Several lines of evidence, summarized in recent meta-analyses [1, 2], support the concept that viral RNA detection by means of molecular testing in saliva should be considered a reliable alternative to traditional nasopharyngeal swabbing for diagnosing severe acute respiratory syndrome coronavirus 2 (SARS-CoV-2) infections. Additional evidence has also been recently provided that saliva testing may be even more sensitive than using upper respiratory specimens (e.g., nose-throat or nasopharyngeal swabs) for detecting SARS-CoV-2 RNA in asymptomatic individuals [3]. These findings have recently persuaded the US Centers for Disease Control and Prevention (CDC) to endorse the use of saliva (self-collected with or without supervision) as reliable specimen for SARS-CoV-2 detection [4], whilst the European Centre for Disease Control and Prevention (ECDC) also encourages the use of saliva samples for molecular testing when nasopharyngeal swabs cannot be collected in symptomatic patients or during repeated screening of asymptomatic people [5]. The advantages of detecting SARS-CoV-2 RNA in saliva are many and mostly obvious compared to conventional analysis of nasopharyngeal specimens, encompassing higher patient compliance, lower risk of side effects, self-collection, as well as better suitability for mass (population) decentralized screening, especially in public places (e.g., school, airports, concerts, sport events, other mass gatherings, etc.).

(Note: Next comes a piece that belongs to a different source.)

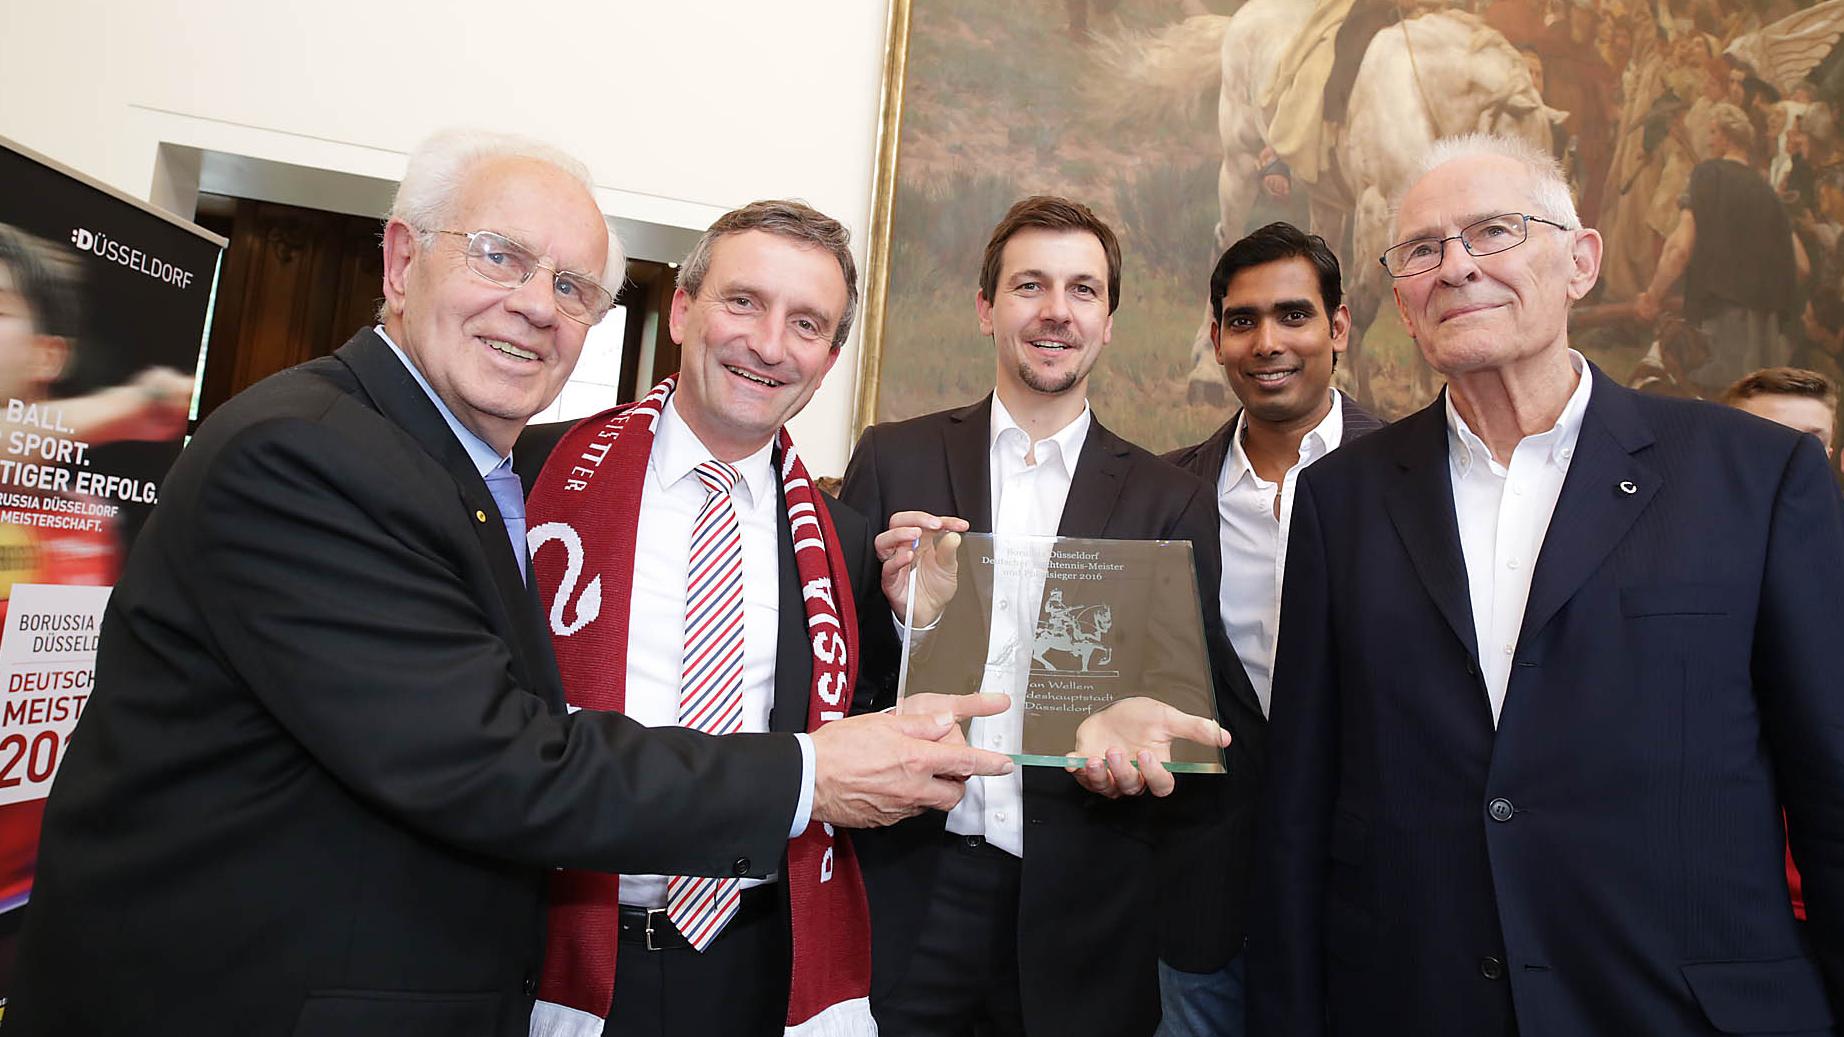 V.l.n.r.: Dr. Fritz Wienke, OB Thomas Geisel, Timo Boll, Kamal Achanta, Hans Wilhelm Gäb (Foto: Landeshauptstadt Düsseldorf/Ingo Lammert)

On this premise, and with the awareness that preanalytical issues play a critical role in influencing the quality of all laboratory examinations [6], thus including SARS-CoV-2 testing [7], we highlight here recent evidence that SARS-CoV-2 detection in saliva may be seriously jeopardized in patients who have made recent use of mouthwashes or mouth rinses. Although the terms “mouthwash” and “mouth rinse” are often used interchangeably, they are not actually the same, since a mouth rinse is typically used before brushing the teeth with purpose of preventing plaques formation and freshening the breath, while a mouthwash is conventionally used after brushing and flossing the teeth, with bactericidal intentions [8]. Regardless of this almost pedantic distinction, there is a large variety of such products available on the market, and their use is now widespread (a recent survey carried out in Scotland underpinned that nearly 50% of the population make regular use of mouthwashes, daily in 25% of cases) [9], and also widely recommended by many dentists and dental care professionals organizations [10]. Notably, the website Statista also reports that the majority of the US population (i.e., over 60%) regularly uses mouthwashes and/or dental rinses [11].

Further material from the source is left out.